Родопея сорвала с себя амулет.
– Да, было. Все было. Было и сновидение, и истолкование его жрецом. И насмешки подруг. И прощание. И клятва никогда не снимать амулет. Было и послание Амасиса. Война с Персией неизбежна. Поэтому я покинула Египет. Вскоре бедствие обрушится и на Самос. Впрочем, зачем я тебе все это говорю? Ведь ты маг, величайший из магов. Для тебя нет тайн. Ты снял с меня заклятье. И я хочу быть с тобою в трех лицах, трижды прекрасный.
Пифагор поднял голову, и вдруг перед его глазами возникла гордая, золотистая и сияющая голова, лебединая шея. Это была Парфенопа, встречи с которой он ждал столько лет, время от времени пытаясь сложить ее облик из черт женщин, так же, как Родопея, предлагавших себя. Теперь все это позади. Она явилась к нему такой, какой он ее потерял, и в движении ее губ можно было прочитать имя – Эвфорб. И она поет. «О, боги мои! Это же песня Орфея!»

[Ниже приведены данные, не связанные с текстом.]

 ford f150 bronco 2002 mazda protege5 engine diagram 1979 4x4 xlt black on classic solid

Парфенопа плавно двигалась навстречу ему, пока, приблизившись, не слилась с женщиной, раскинувшейся рядом, и Пифагор рванулся к ней.

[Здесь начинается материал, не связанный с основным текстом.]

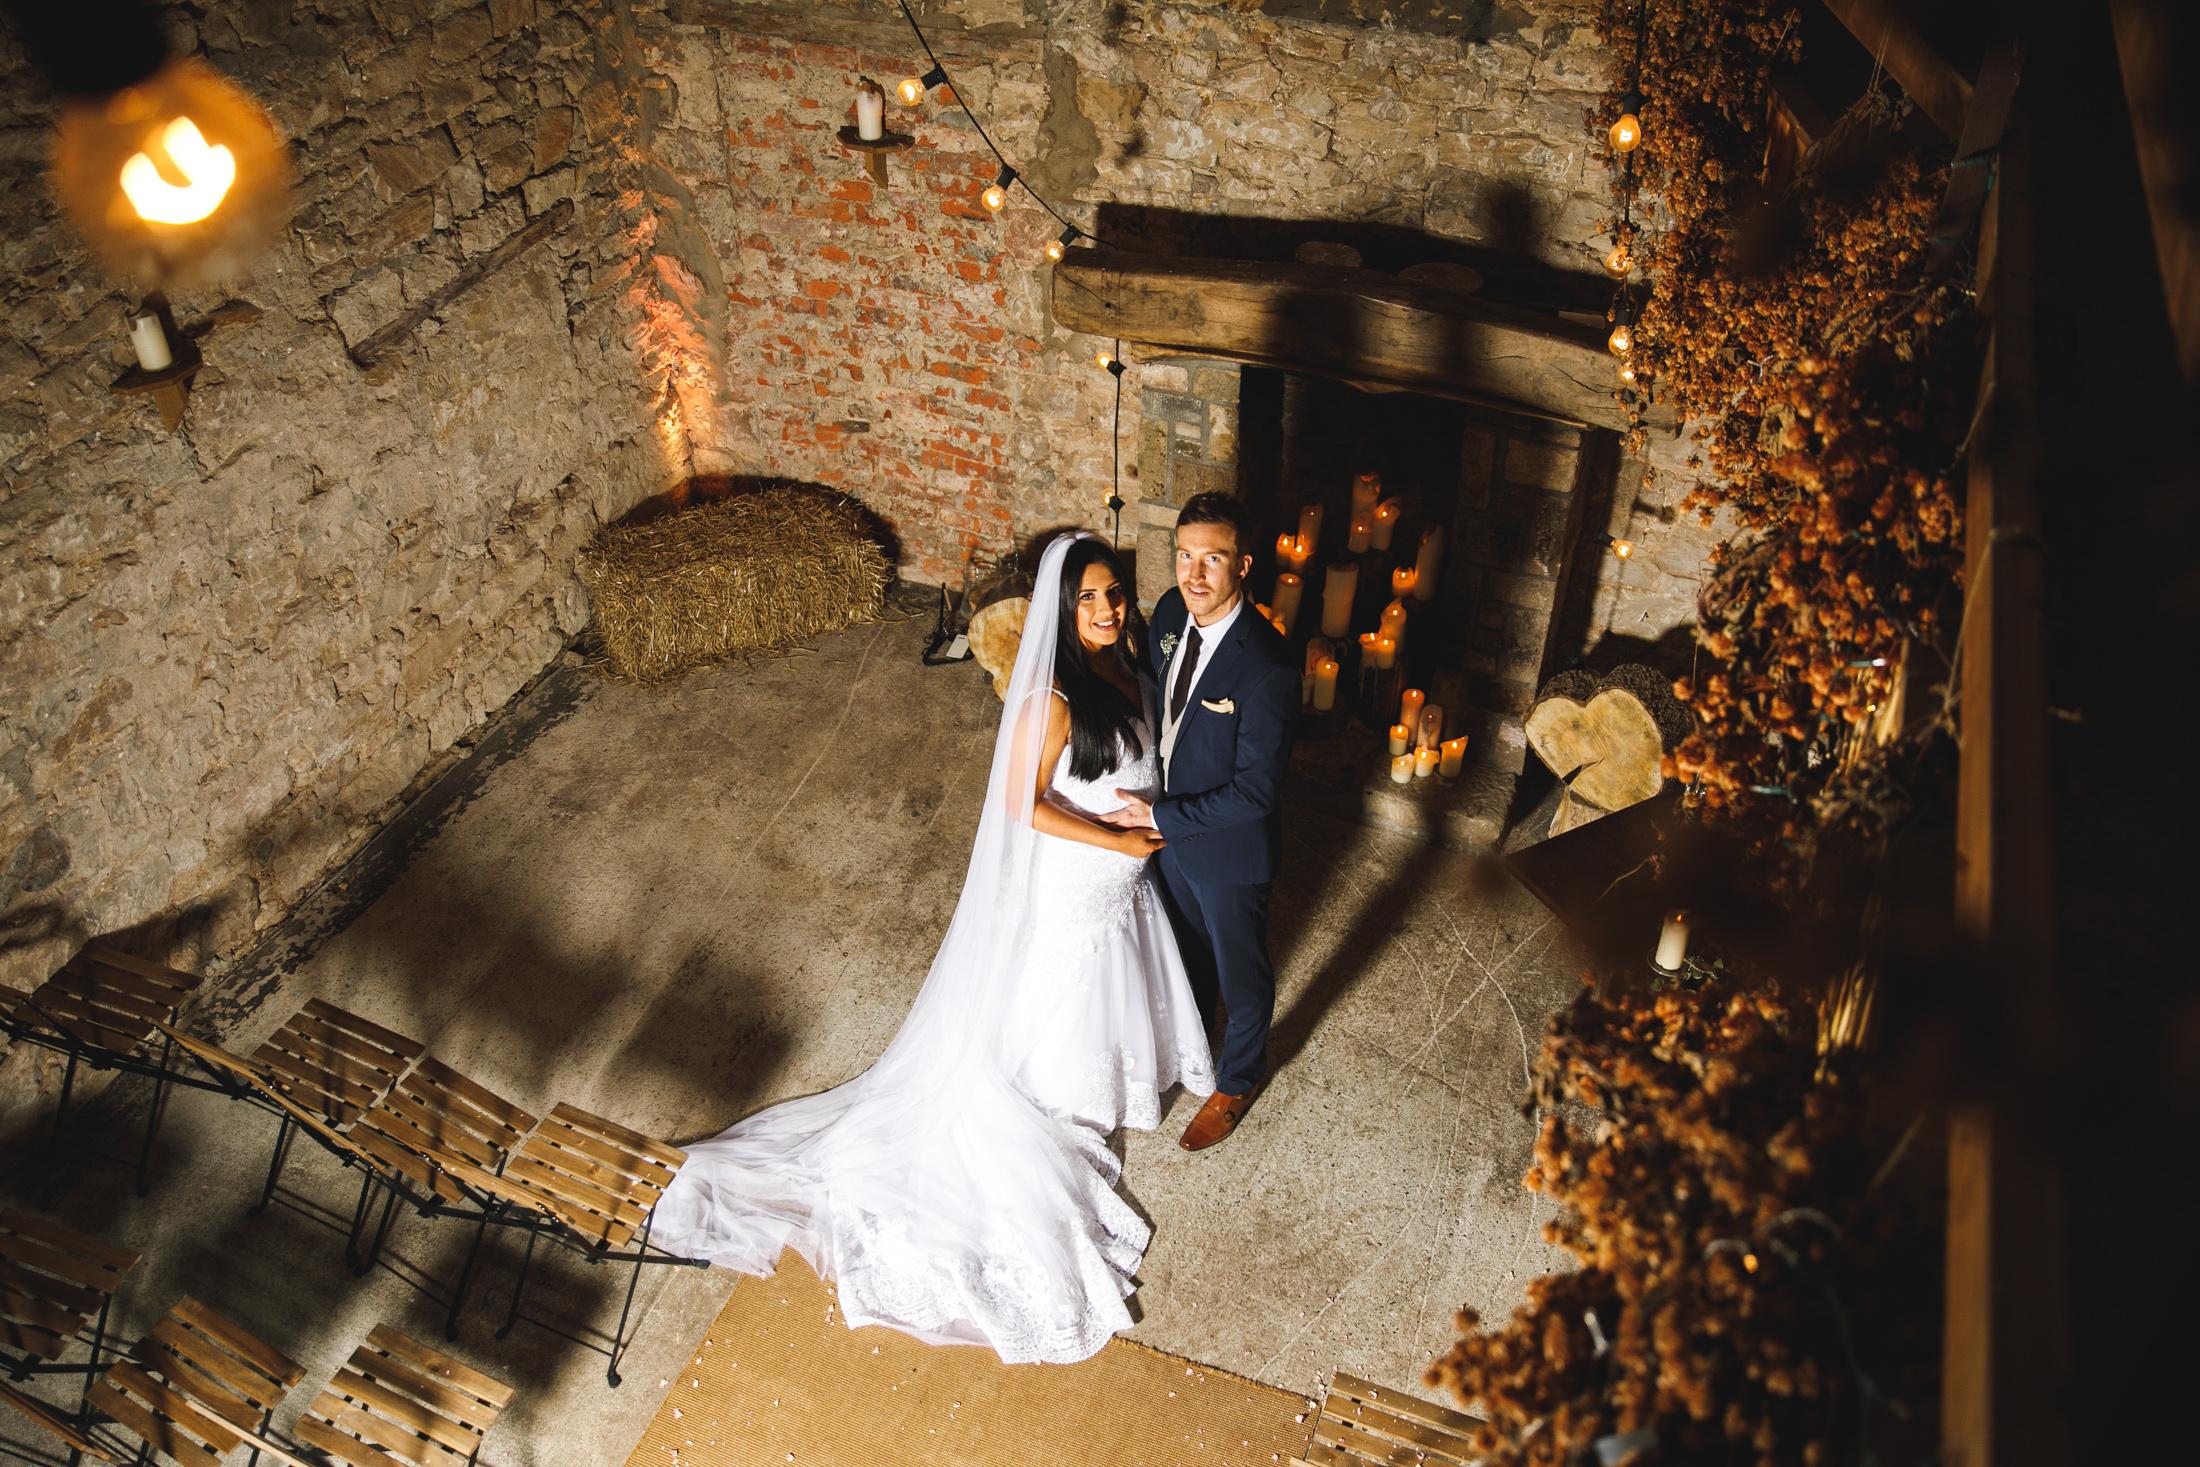 doxford barns wedding photos-61.jpg

Стремительно взлетали вверх и опускались, взметая жемчуг брызг, весла. О скорости можно было судить лишь по дрожанию корпуса, силе бьющего в лицо ветра и изменениям панорамы. Пролив, отделяющий остров от материка, понемногу сужался. Самос разворачивался освещенной солнцем зубчатой стеной кипарисов, и, наверное, древнее название острову – Кипарисия – могли дать лишь те, кто обитал на Микале.

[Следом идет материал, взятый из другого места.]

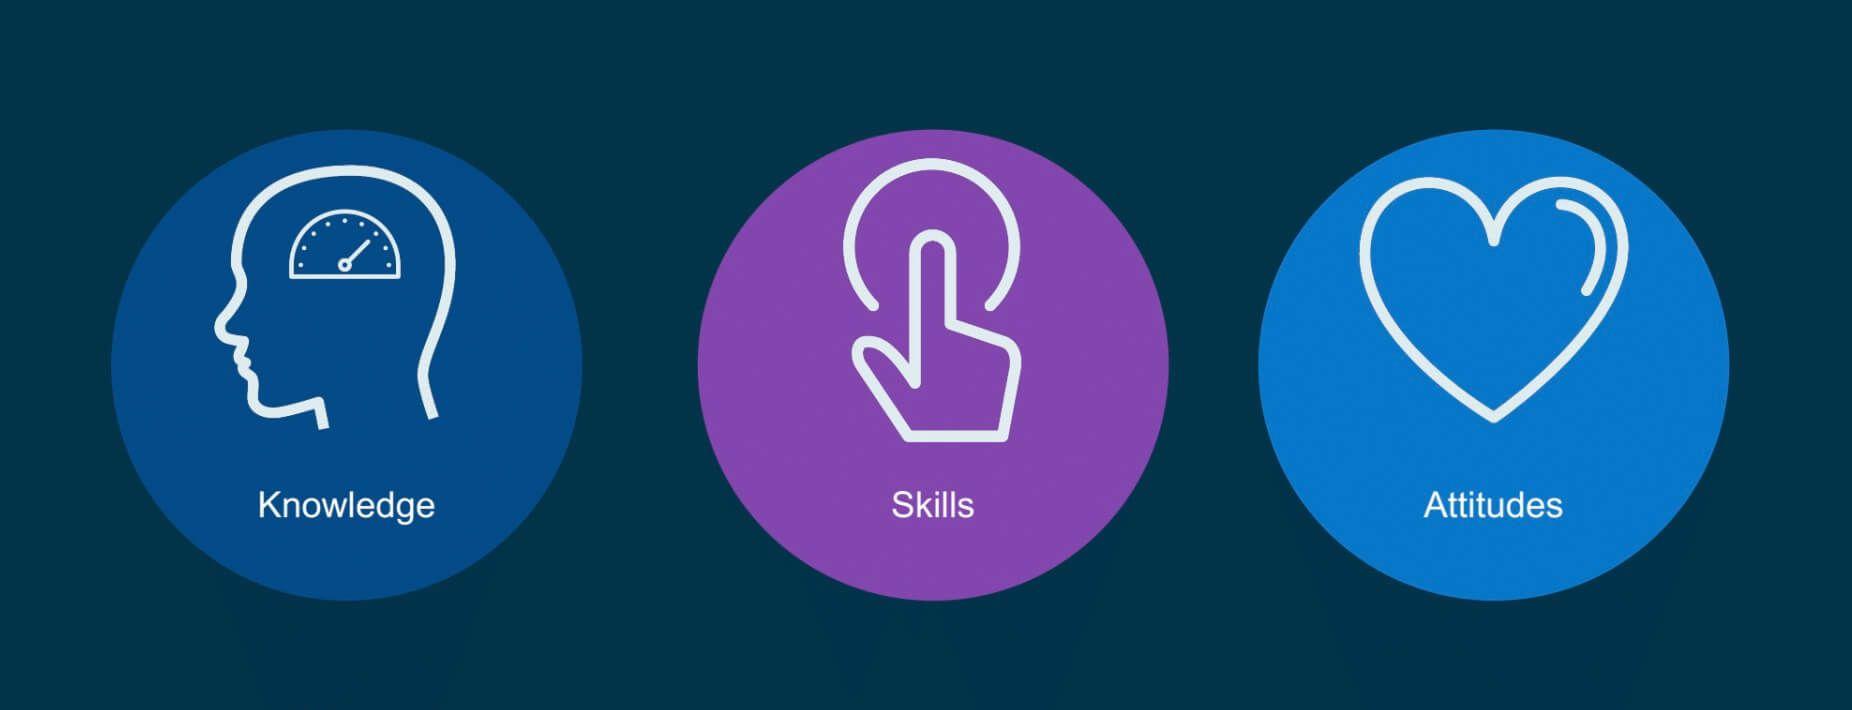 Knowledge, skills, attitudes

Поликрат и неожиданно вызванный им Пифагор стояли рядом на носу пентеконтеры. Лицо тирана не выражало никаких чувств. После того как они обменялись краткими приветствиями, Поликрат не проронил ни слова, и Пифагор терялся в догадках: «Почему он предпочел иметь спутником меня, с которым едва знаком, а не тех, кого знает много лет? И куда мы плывем? Если на подвластные Поликрату острова, незачем входить в пролив. Или, может быть, в проливе судно движется быстрее и Поликрату хочется похвастаться быстротою хода? Вот и мыс Трогилий. Сколько раз эфебом, глядя на него, я встречал поднимающееся из-за Микале солнце, пока оно не позвало меня в путь и я не двинулся ему навстречу».
Пролив расширялся. Судя по развороту, Поликрат намерен посетить берег, открытый Борею. Пифагор мгновенно оживил в памяти очертания Самоса на медной доске Анаксимандра. «Барашек», обращенный головою к Азии. Очертания острова совпадали с направлением движения ионийцев, бежавших на другой материк от бедствий, которые постигли материковую Элладу после погубившего Трою землетрясения. Так на азиатском побережье появились ионийские города, от которых Самос отделен проливом.
Обойдя баранью головку мыса Посейдона, судно спускалось по выгибу шейки в бухту.
«Сюда переведены рыбаки, – думал Пифагор. – Если бы Поликрат намеревался здесь высадиться, судно должно было переменить направление. Но оно шло прежним ходом. Видимо, Поликрат решил обогнуть акрополь своей морской державы. Так же в дни праздника обходят теменос[29] храма Мелькарта в Тире, так же и персидские маги делают круги во время жертвоприношения огню. Это магический круг, отделяющий священную территорию от неосвященного мира и закрепляющий над нею власть высших сил. Поэтому так серьезен и значителен Поликрат».
Судно совершило еще один разворот. Побережье по обе стороны мыса Дрепан было равнинным и, кажется, шевелилось от курчавой волны пасшихся овец. Справа по борту в тумане выступила едва различимая Икария.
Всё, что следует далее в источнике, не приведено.